The local ethnic group in Guyuk is the Longuda people. The Longuda Kingdom title is Kwandi Nguryaba. The Nunguraba (Lunguda) people who today inhabit Guyuk Local Government Area of Adamawa State and parts of Gombe State originated from the Middle East. They migrated from there during the general dispersal of races of the world from the area. They moved westward in the direction of sunset with the aim of reaching it. They realized the futility of this exercise when they reached Wanda, a small flat land on the Lunguda Plateau in present day Gombe State. In search of land for agricultural purposes, they migrated to their present day location.

Like many ethnic groups of Nigeria, the Lunguda people had no centrally recognized authority structure before the advent of colonial rule. They lived in small form of clannish loose confederation with each clan having its own head. They were however bounded by one language and tradition. "Nunguraya" as the people call themselves, means interwoven or interconnected. The people are one. As a result of their oneness there existed a form of defense pact among all the various villages. These defense pacts kept the Lunguda people consistently undefeated throughout the era of intertribal warfare.

There was also the acknowledgement of the rain making priest in Lamza. Guyuk, Kurnyi and Wala Lunguda. In 1904 however, the Lunguda nation engaged the white man in a fierce battle in Banjir. This war nearly broke the fighting spirit of the Lunguda Man because of the superiority of the fire-emanating weapons of the white man. In other words, the white man only subdued them. A district council was formed in 1948 under the leadership of Grema Parku, this council was the first nationally accepted rule by the Lunguda man. The council consisted of seven villages: Dukul, Guyuk, Banjiram, Kola, Gwanah, Lokoro and Bobini.
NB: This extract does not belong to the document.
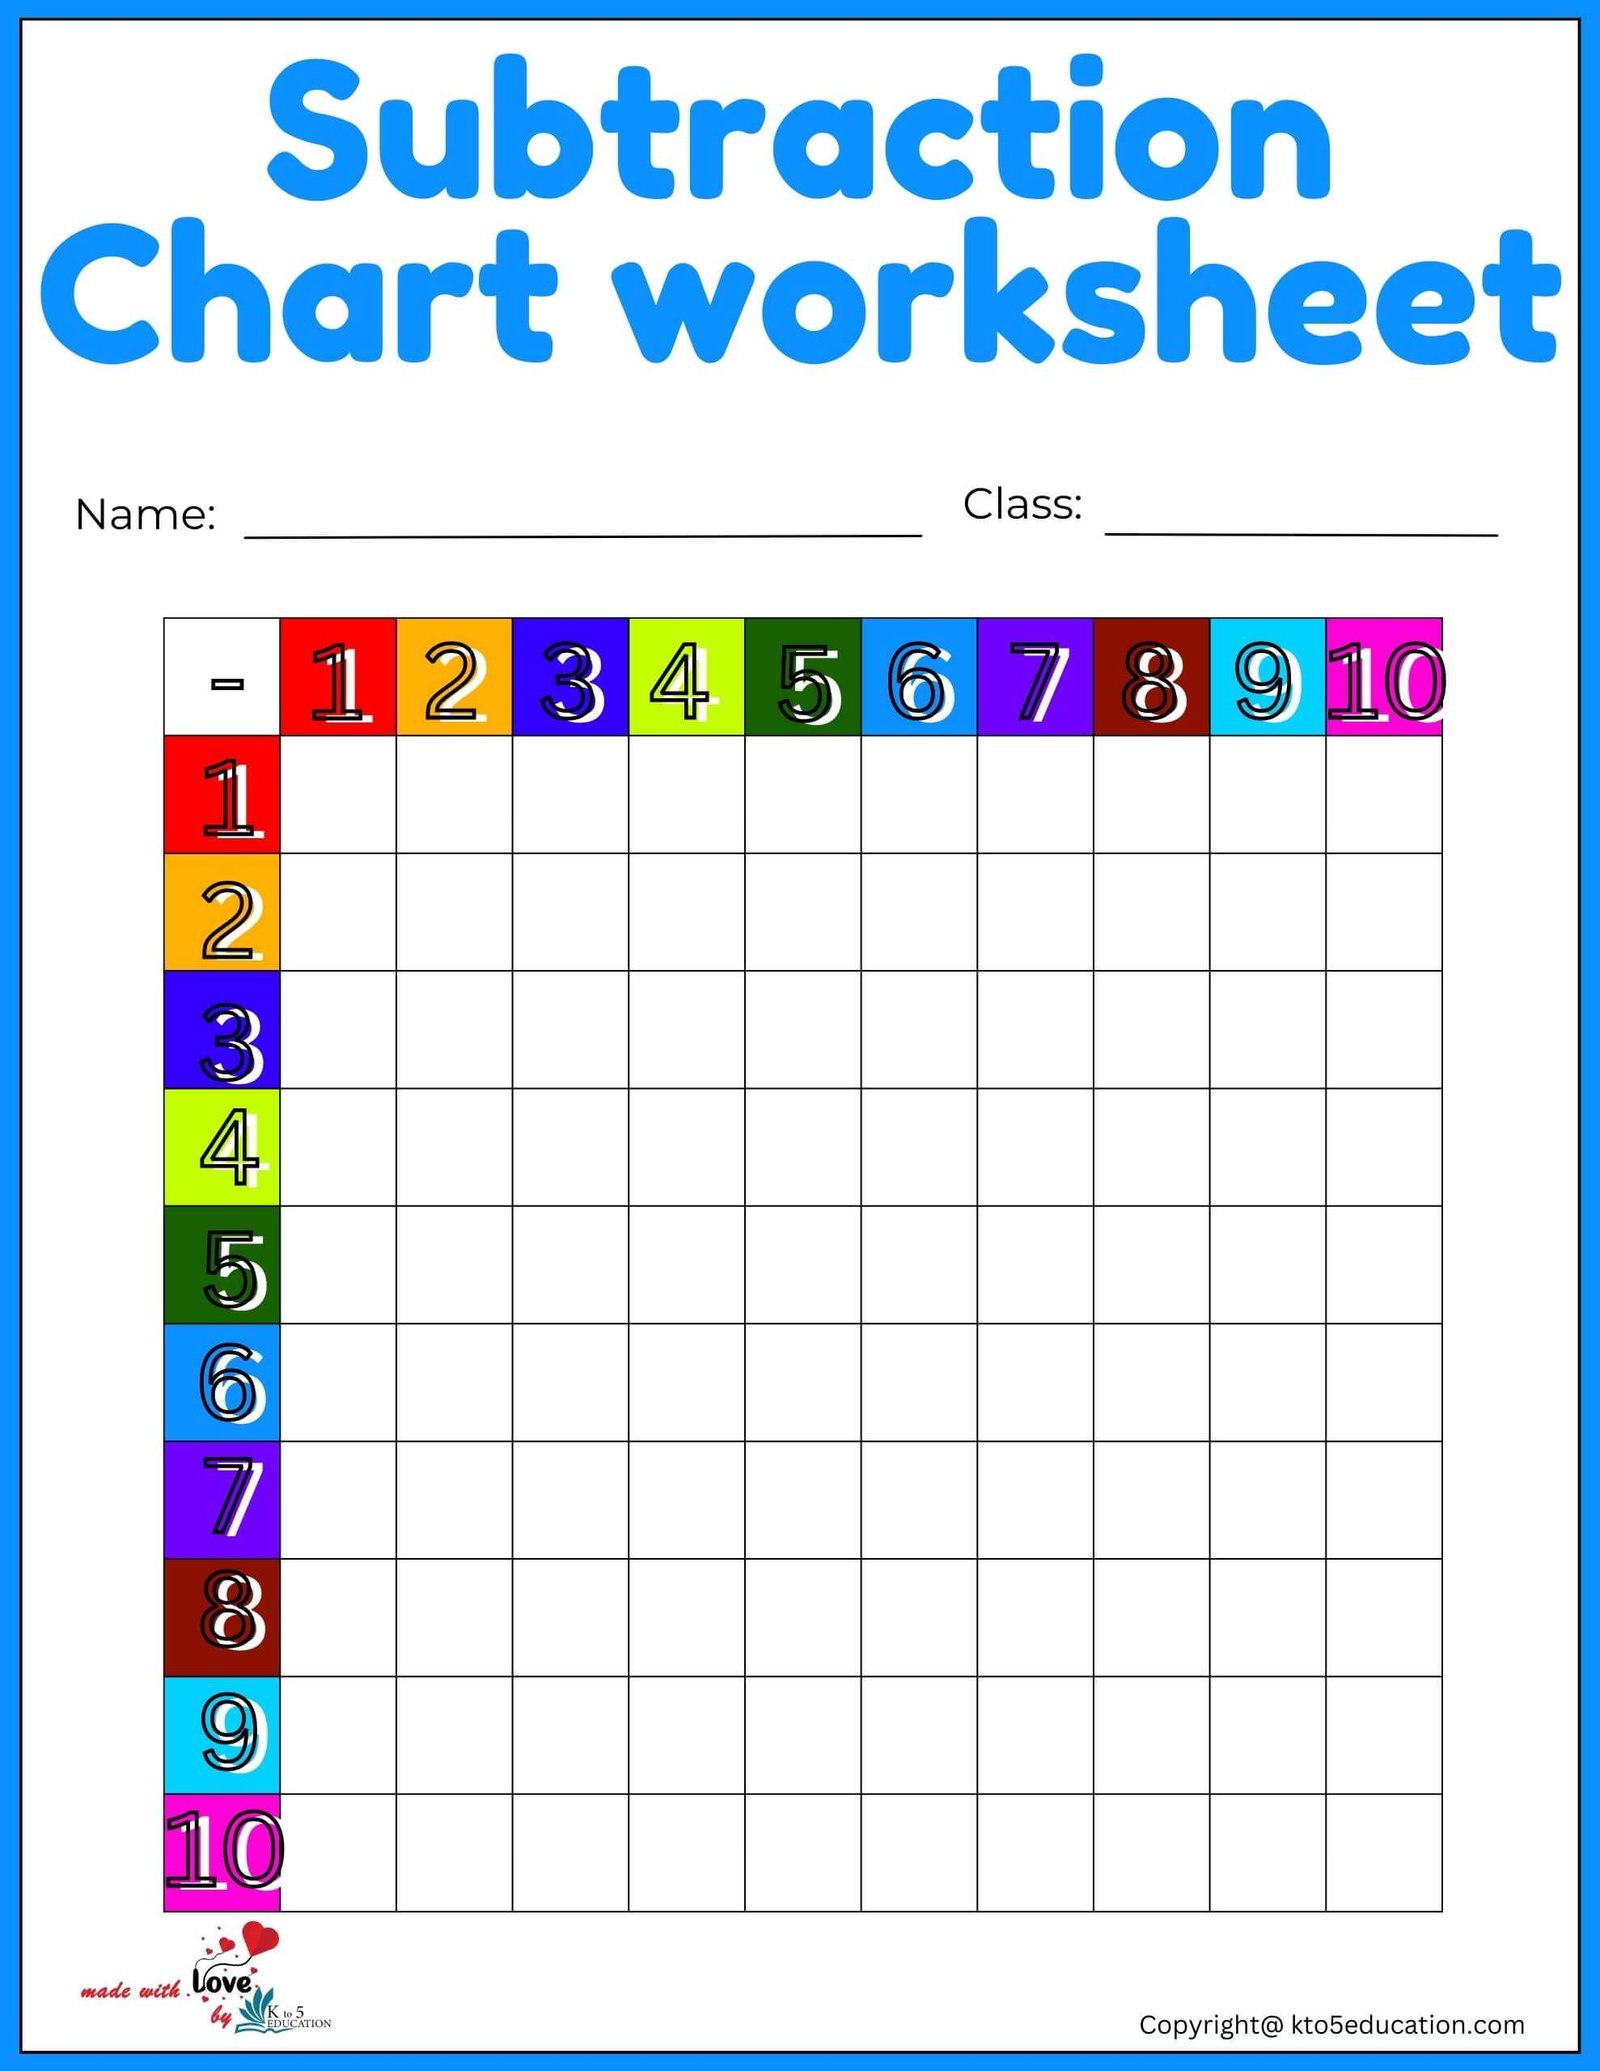 Free Subtraction Chart Worksheet
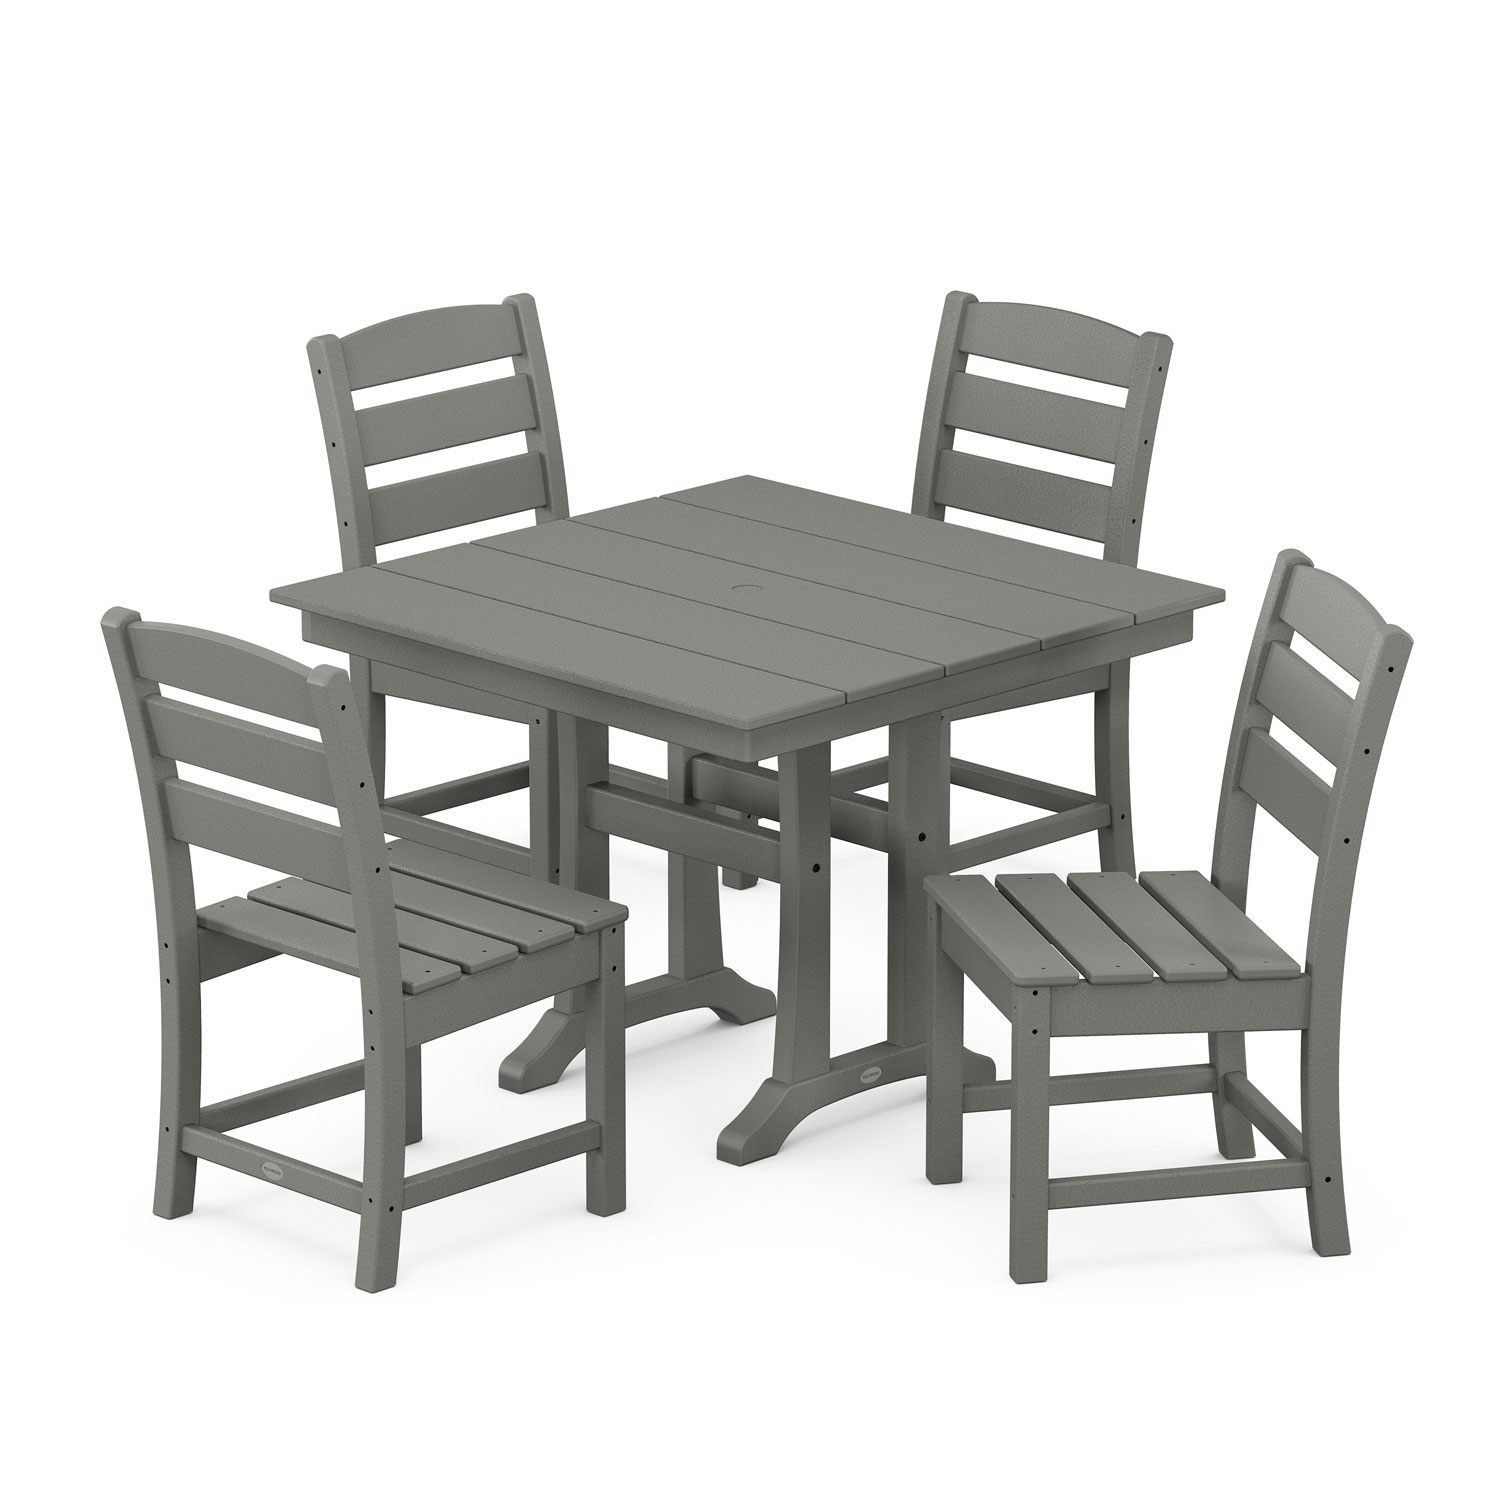 Patio Dining Sets Category

It had Mallam Grema Parku as its Chairman. He represented the District in the Numan native authority in that capacity. The year 1948 marked the beginning of the formal coming together of the Lunguda people under some form of central administration in the area.

The idea of having a paramount chief among the Lunguda was giving serious consideration in 1954, when the colonial administration wanted to present 3rd Class staff of office to each of the District Heads in Numan native authority, so as to boast the chieftaincy status of these areas. A referendum was conducted after which the ruling house of Guyuk was on unanimously accepted to produce a candidate.

After a series of meetings by the "Bilamaha" and "Nakatebehe" King makers of the whole Lunguda villages, Mallam Yoila Jarangalu emerged as the popular candidate in 1956.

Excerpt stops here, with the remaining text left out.